Je savoure ma compote avec une tisane tout en laissant mon regard se perdre dans la photo d'Antraigues et d'Aizac. Je pense à Alexis. Si, hier, il est resté aux Auches, il a dû revenir chez lui ce soir. Je l'appellerai tout à l'heure, à moins que ce ne soit lui qui m'appelle le premier. Nos échanges quotidiens par téléphone vont reprendre. Une façon de rester proches, de réduire la distance.

J'ai bien fait de parler de lui à Laurent ce midi. Il m'a emmenée déjeuner dans un bon petit restaurant libanais de la Garenne-Colombes. Ce n'est pas loin de la Défense, mais cela nous a permis d'échapper à l'ambiance "milieu d'affaires". Tout à fait le genre d'endroits où j'allais pouvoir m'épancher - un peu.

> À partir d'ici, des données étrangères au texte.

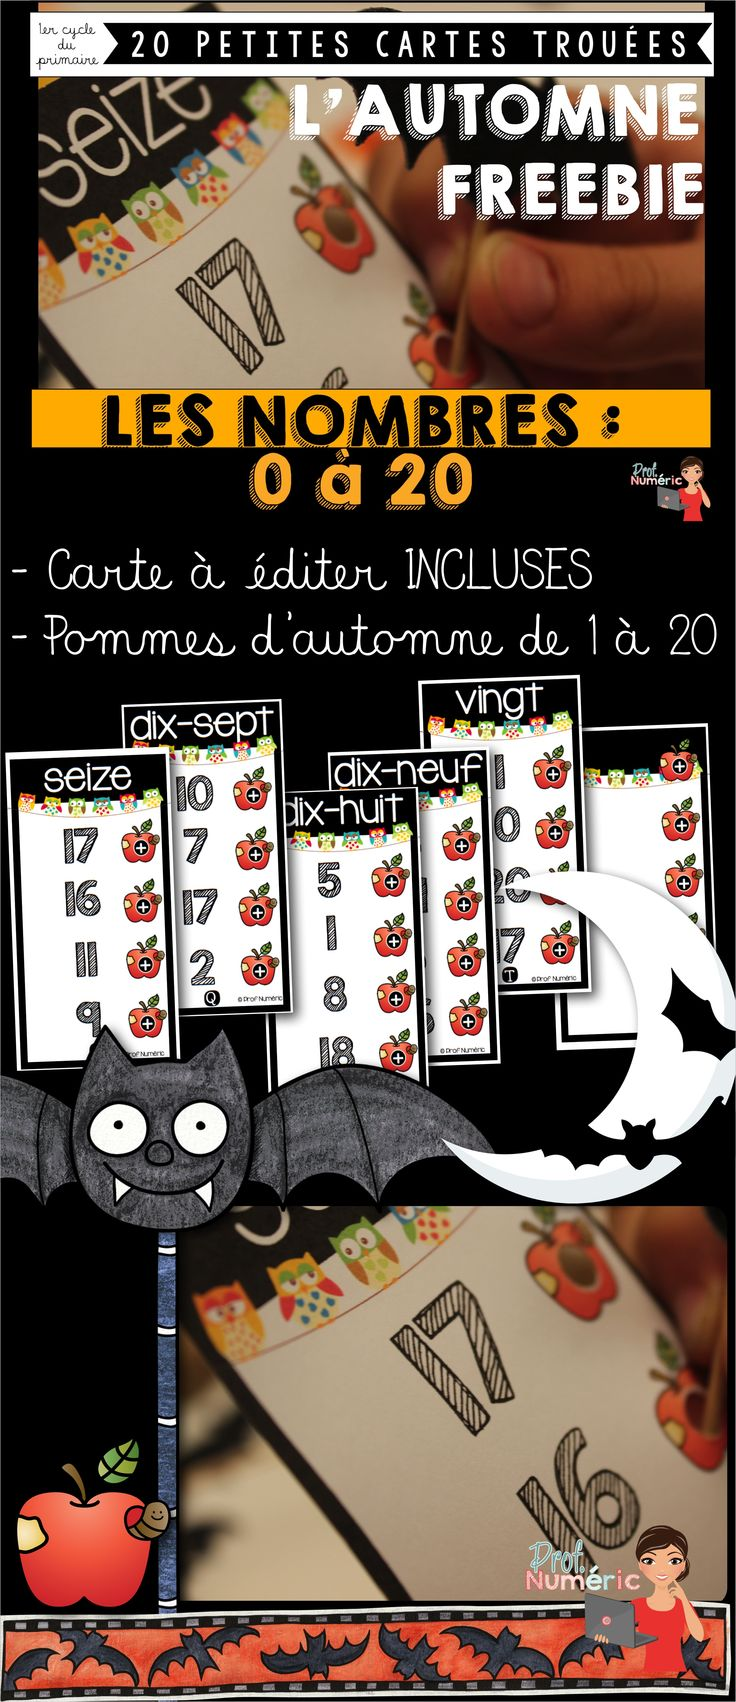 Bilingual dolphin counting card 6 clipart etc - 20 Cartes Trou Es Les Nombres De 1 20 Freebie Th Me De L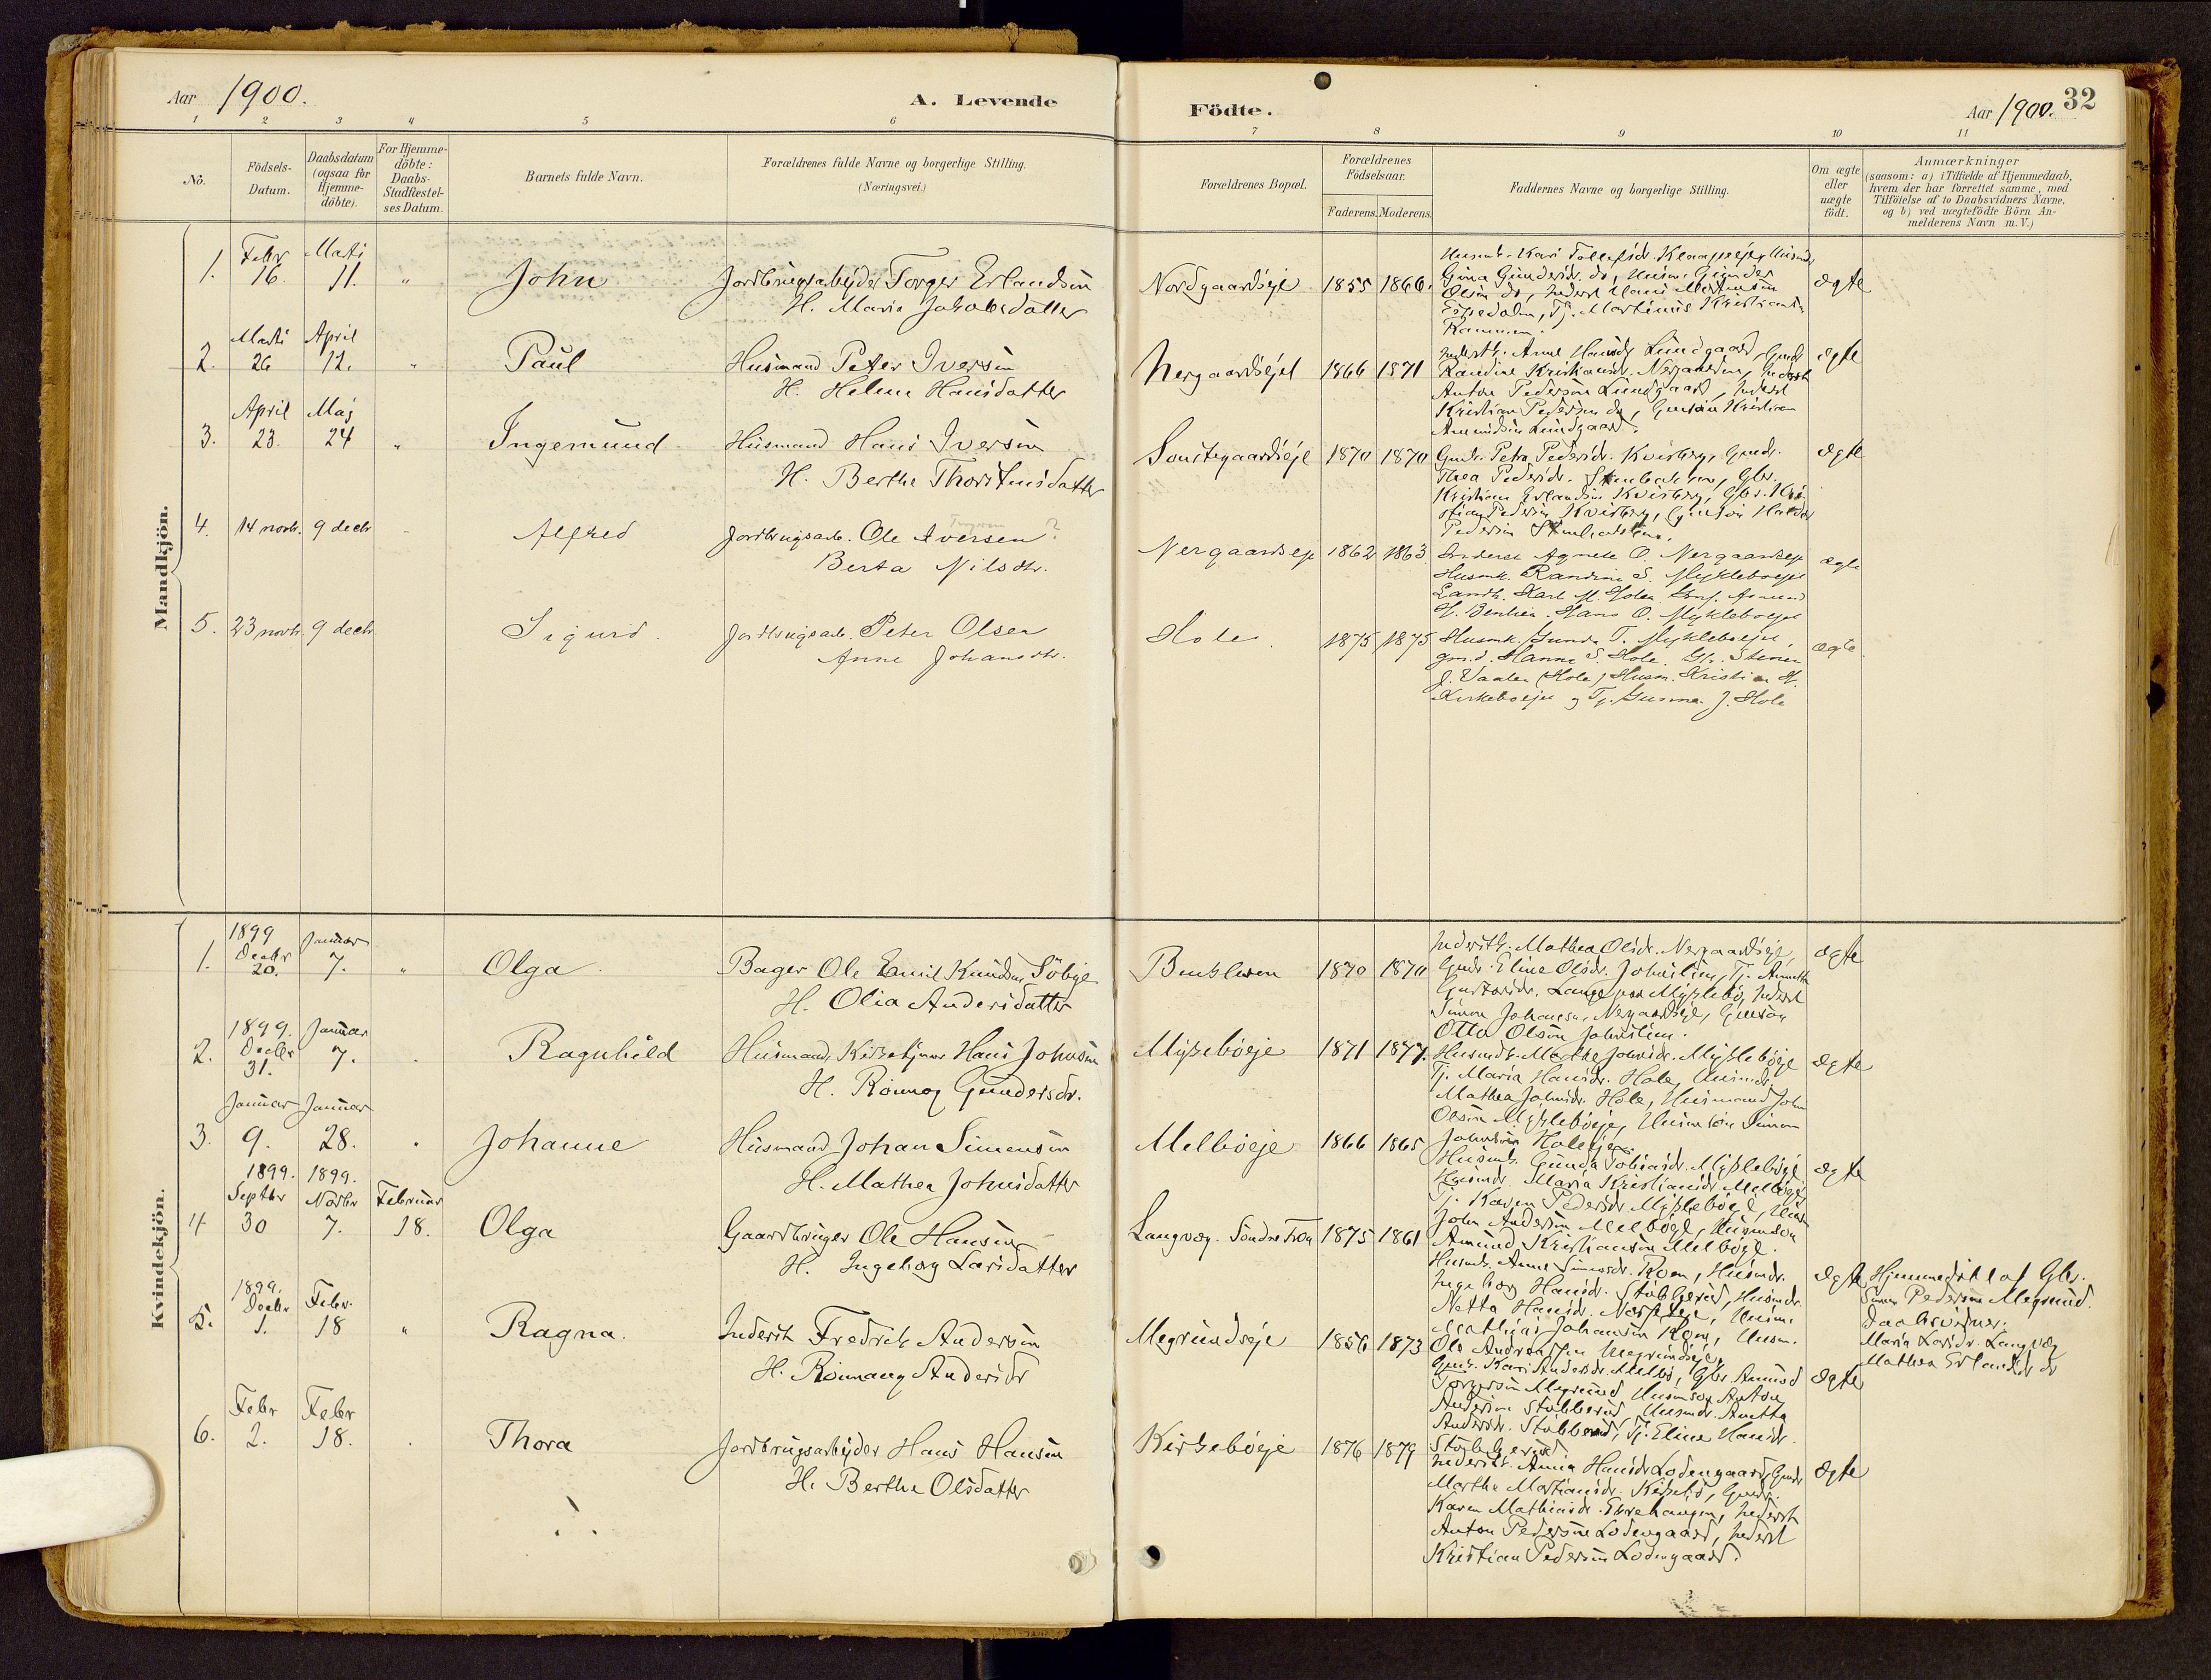 SAH, Vestre Gausdal prestekontor, Ministerialbok nr. 2, 1887-1918, s. 32

Laurent m'a écoutée avec attention, toujours mesuré dans ses questions. Je lui ai parlé d'Alexis, bien sûr, de son installation désormais effective en tant que médecin généraliste à Antraigues. Des démarches administratives un peu longues qu'il a dû faire pour obtenir la possibilité de s'installer. En filigrane, j'ai encore parlé de mon pays. Forcément. Cela m'a fait du bien et je suis revenue au bureau avec l'esprit plus léger.

Laurent connaît parfaitement mon attachement à ma région d'origine. Il est conscient que je pourrais avoir du mal à le mettre de côté dans le projet de relocalisation. Mais il sait que relever ce défi, ramener de l'emploi en France et tout particulièrement là-bas, c'est un projet d'envergure qui conditionne aussi notre activité future. Lui-même est originaire du nord de la France, du bassin houiller. La désindustrialisation, les fermetures d'usines, les vagues de licenciements, il connaît. Et très bien.

Je déguste mes dernières cuillerées de compote alors que mon regard se perd autour de la maison des Auches. Et avant même de reposer mon ramequin sur la table, mon téléphone sonne.

C'est Alexis.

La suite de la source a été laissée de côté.